The Roman historian Suetonius in his Lives of the Twelve Caesars claims that the first century Emperor Caligula planned to name Incitatus, his favorite race horse as Consul, and thereby entitle him to preside over the Roman Senate. Along with a number of other highly unconventional lifestyle choices, this proposed appointment is often cited as evidence of Caligula's madness. But, madness or no, the Incitatus appointment provides a potentially useful perspective from which to consider the arguments that have surfaced over the suitability of some of our newest senatorial aspirants.

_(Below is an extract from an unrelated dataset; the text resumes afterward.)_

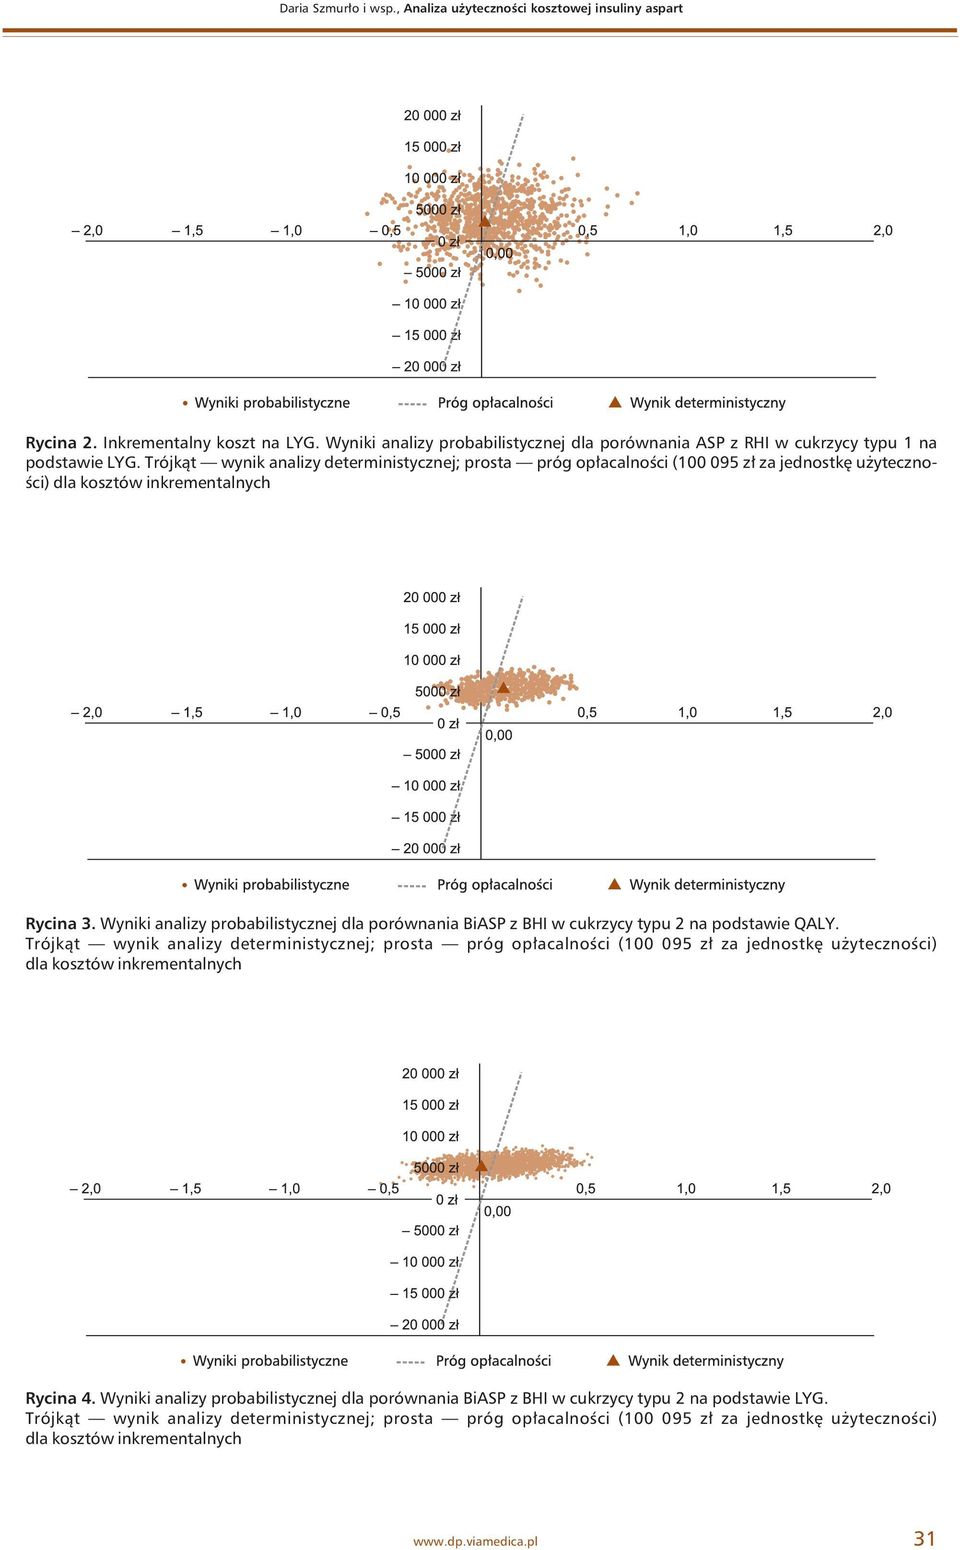 Wyniki analizy probabilistycznej dla porównania BiASP z BHI w cukrzycy typu 2 na podstawie QALY.

Caligula doted on that horse. Incitatus lived in a grand marble stable. His every need was attended to by a large staff. He was sumptuously caparisoned, and ate his oats mixed with gold flakes from an ivory manger. Incitatus was, in a word, pampered, just as race horses should be given their prime function: race horses compete in high-stakes games from which their financial backers and the general run of spectators may derive significant winnings or losses. While I am sure there are some race horses past and present with many other fine qualities, their essential skill set is limited, and they justify their existence by delivering wins within the constraints of the highly specialized rules and customs of the racing game. This being the case, it is difficult to maintain that, were he around today, Caligula should have been regarded as crazy for bankrolling an Incitatus for U. S. Senator! campaign.

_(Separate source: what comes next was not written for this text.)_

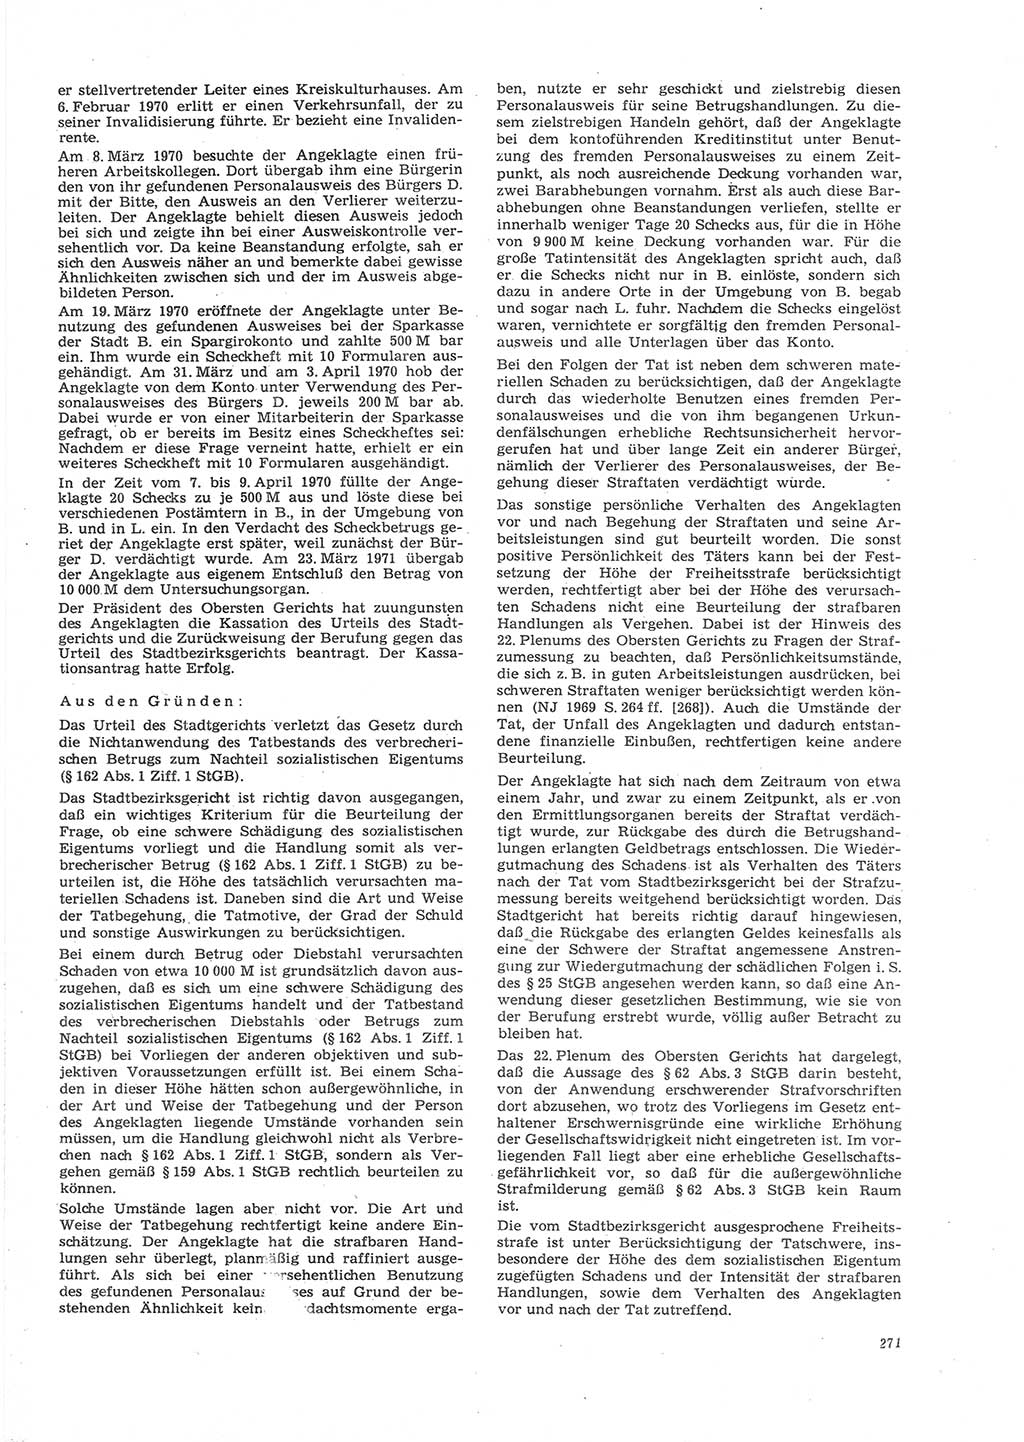 Neue Justiz (NJ), Zeitschrift für Recht und Rechtswissenschaft [Deutsche Demokratische Republik (DDR)], 26. Jahrgang 1972, Seite 271 (NJ DDR 1972, S. 271)

No one is arguing that the stakes in the Senate are not high; they certainly are. But, remarkably, these high stakes do not necessarily demand much beyond the same kind of limited essential skill set applicable to race horses. In the case of U.S. Senators these include being well-groomed, assuming the posture and tone on camera that the occasion requires, turning over any serious question to the staff, patience for indulging in the tedious rodomontade of senatorial courtesy, and voting in such a way that the majority of constituents regard themselves as winners. As we have learned, even the ability to read a long bill falls into the "desirable, but not necessary" category. In terms of the essential Senatorial skills and attributes, the truth is that Larry Craig exhibited them in superior measure to John McCain, because at least Larry Craig's votes, if not his recreational preferences, were 96 out of 100 times exactly as he advertised they would be to the voters.
So when critics chide a candidate for sounding like a slightly eccentric multiple cat fancier, or for exhibiting the gravitas of a bouncy high school cheerleader, I can only recall witnessing a flannel mouthed Lion of the Education and Labor Committee struggling to get out a few extemporaneous sentences of congratulation at a little pre-cocktail hour ceremony for a group of award-winning teachers, and observe-all that really matters is how they vote.